QUESTION: Hi, I'm writing a program using the GEANT4 Monte Carlo toolkit. It's all object oriented programming- I only took C++ 101 in undergrad. I have my program completed except for one part.
Here is my question: I need to read in a 1-2 gb text file, three lines at a time. I don't want to load the whole file into memory (program already requires ~700Mb). Also, my understanding of getline() is that it scans lines until you tell it to stop- so, my program would continually slow down as getline() had to go further into the file. Is it possible to have a persistent pointer (?) to the file/location in the file? Or, is there a good, efficient way to jump to a specific line in the file?
All I can think of now is to break my files into 100Mb chunks, load one, use the data from that file, delete that chunk of memory and load the next...not very elegant, but, maybe the easiest.
My files are ASCII and I'm writing on FEDORA 6 system.
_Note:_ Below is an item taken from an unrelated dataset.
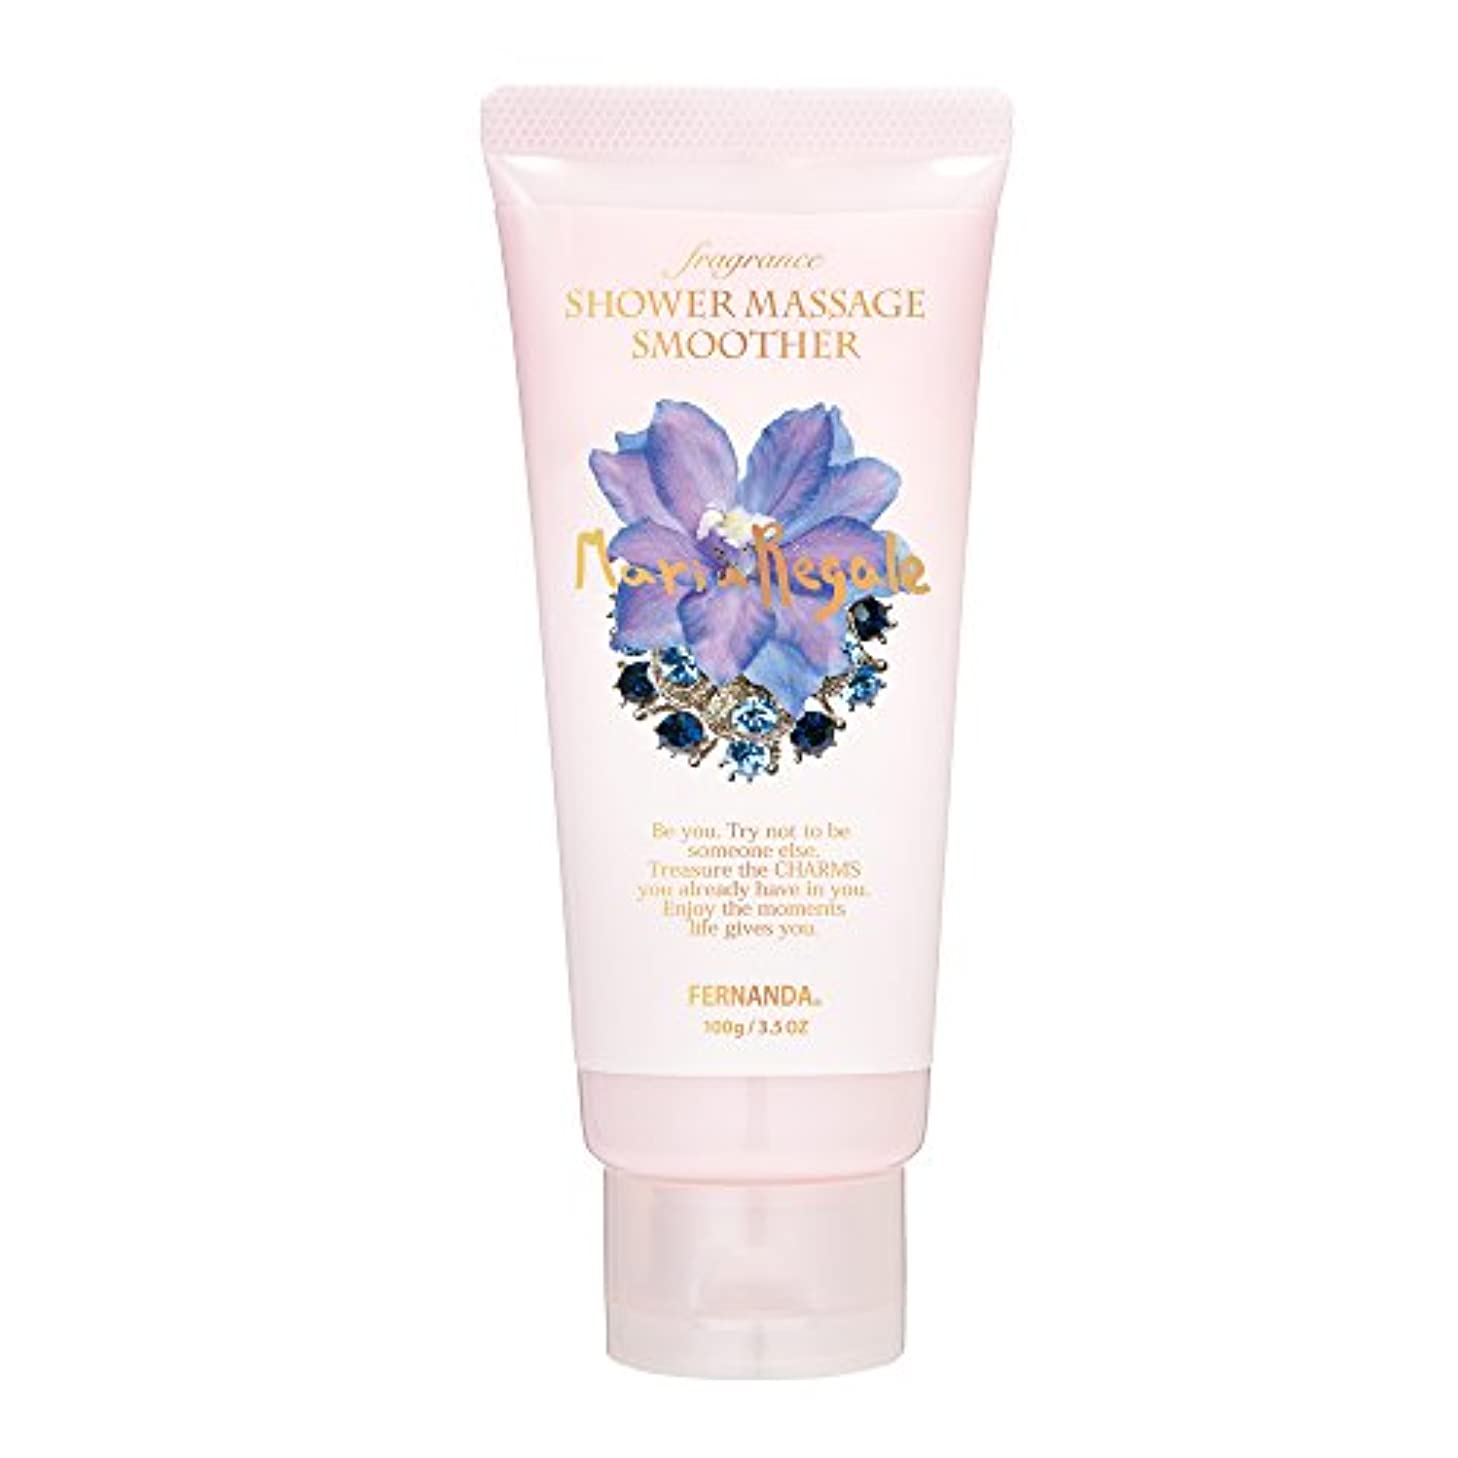 マネージャーマネージャー上げるFERNANDA(フェルナンダ) Fragrance Shower Massage Smoother Maria Regale (シャワーマッサージスムーサー マリアリゲル)

Also, although most lines have the same number of characters, no line is guaranteed to have the same number of characters in it.
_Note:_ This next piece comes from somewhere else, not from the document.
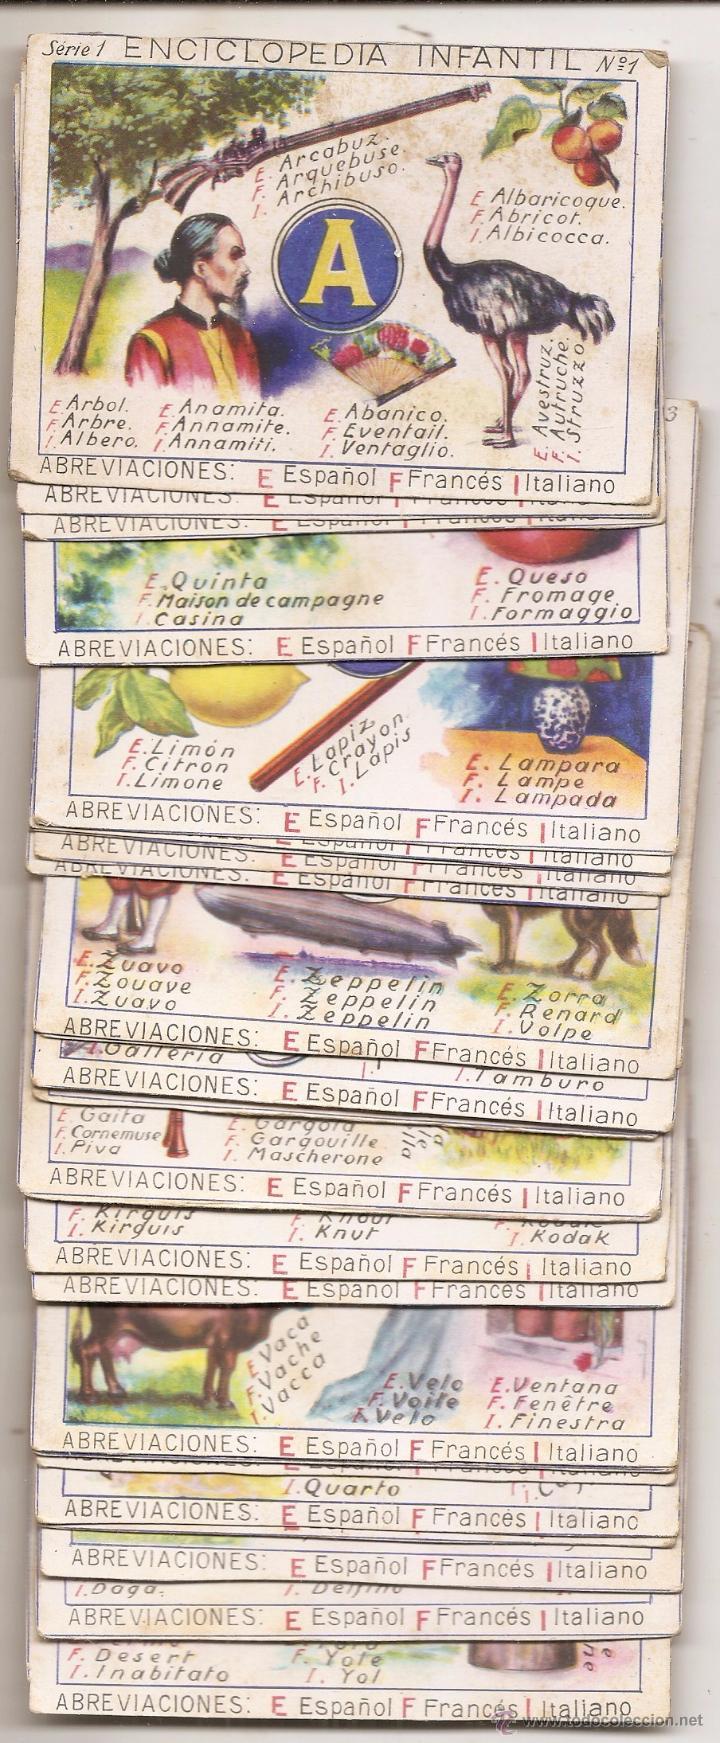 ENCICLOPEDIA INFANTIL. 28 CROMOS ANTIGUOS. PRIMERA SERIE (Coleccionismo - Cromos y Álbumes - Cromos Antiguos)

ANSWER: getline reads one line at a time. http://www.cplusplus.com/reference/iostream/istream/getline.html
So do as you need to do reading 3 lines at a time. The underlying code tends to buffer in larger chunks and provide the lines from that buffer. You'll find it to be as efficient as you reading in 1MB and processing it locally. There is also a way to control the size of the buffer used by the file system. The default is probably adequate.
---------- FOLLOW-UP ----------
QUESTION: Thank you for your response, I really appreciate it!
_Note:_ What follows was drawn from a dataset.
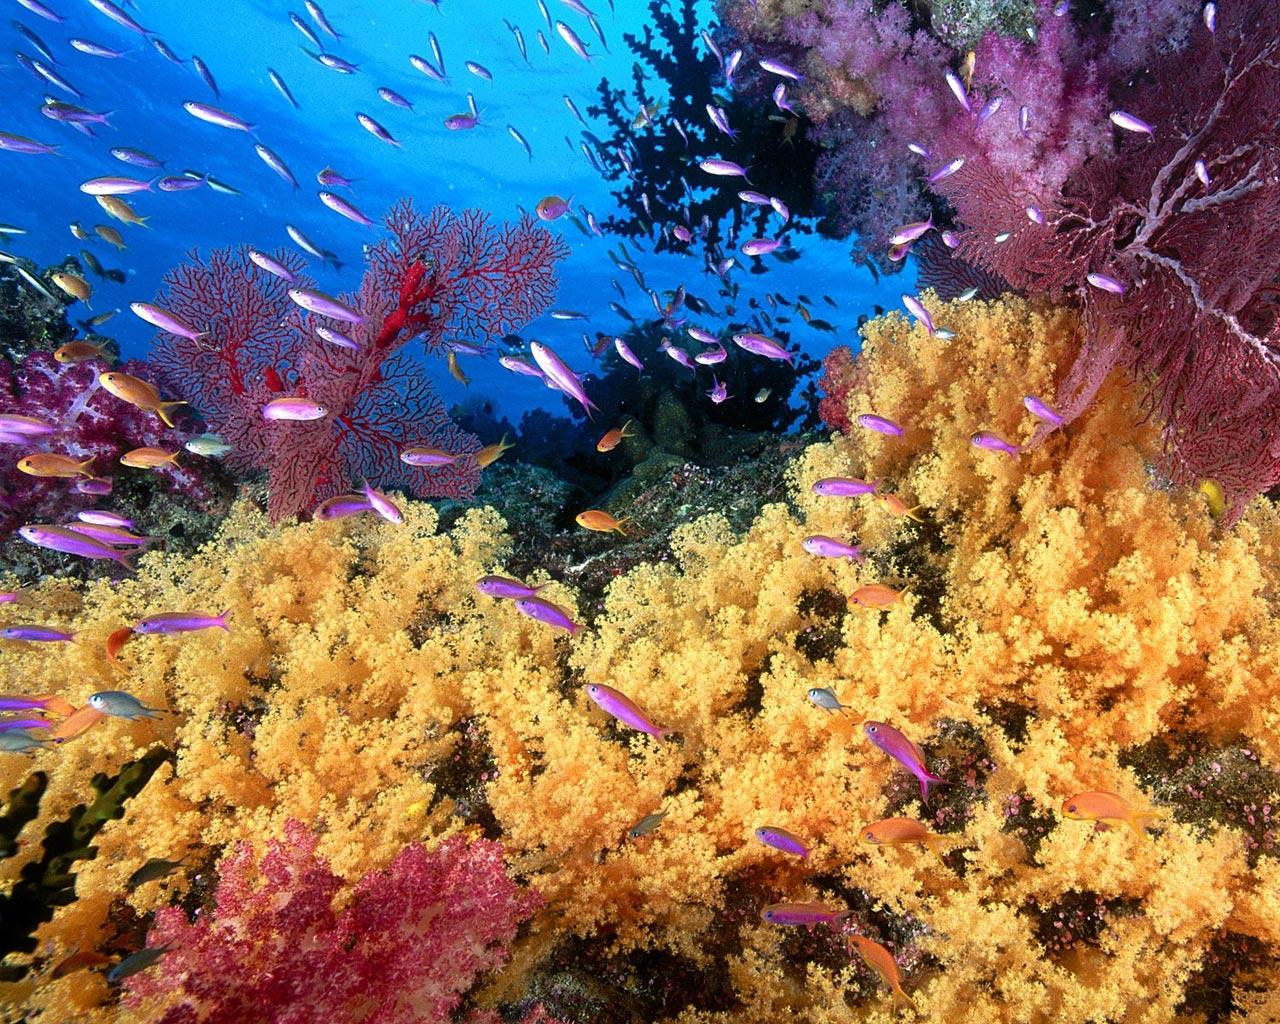 http://4.bp.blogspot.com/_1v9-uzlqkzY/S6_xi1iDdhI/AAAAAAAAQm0/sfKdex9OqTo/s1600/corales%2Bfondos-marinos-corales-1280.jpg

I kinda meant for my question to be less on how to read data in the file and more on how to efficiently skip to, for example, line number 3,140,327 of a text file. Is there a good, efficient way to skip to an arbitrary line in a text file? If so, how could that be achieved?
Ah, OK. I think the fastest way to do this is to use raw I/O and read big chunks into memory and use a tight loop, like:
void skipLines( char *buffer, register int toLine )
register int count;
register char *ptr = buffer;
while( count < toLine )
if( *ptr++ == '\n' )
This assumes you have enough in buffer to get to toLine. Checking for the end of the buffer and reloading more and continuing isn't hard but it takes time. Windows has memory mapped files and you might consider seeing if a disk file can be copies to a memory mapped one.
I think I told you what you expected here. You can count on the memory usage versus speed relationship. The more memory you use (i.e. loading the whole file) will get you more speed. You may find loading the whole file, which will force Windows to use paged memory may be faster than reading in chunks.
I recommend trying several methods and timing them. Sometimes I've been surprised when I think I've done something the fastest way only to find out it wasn't.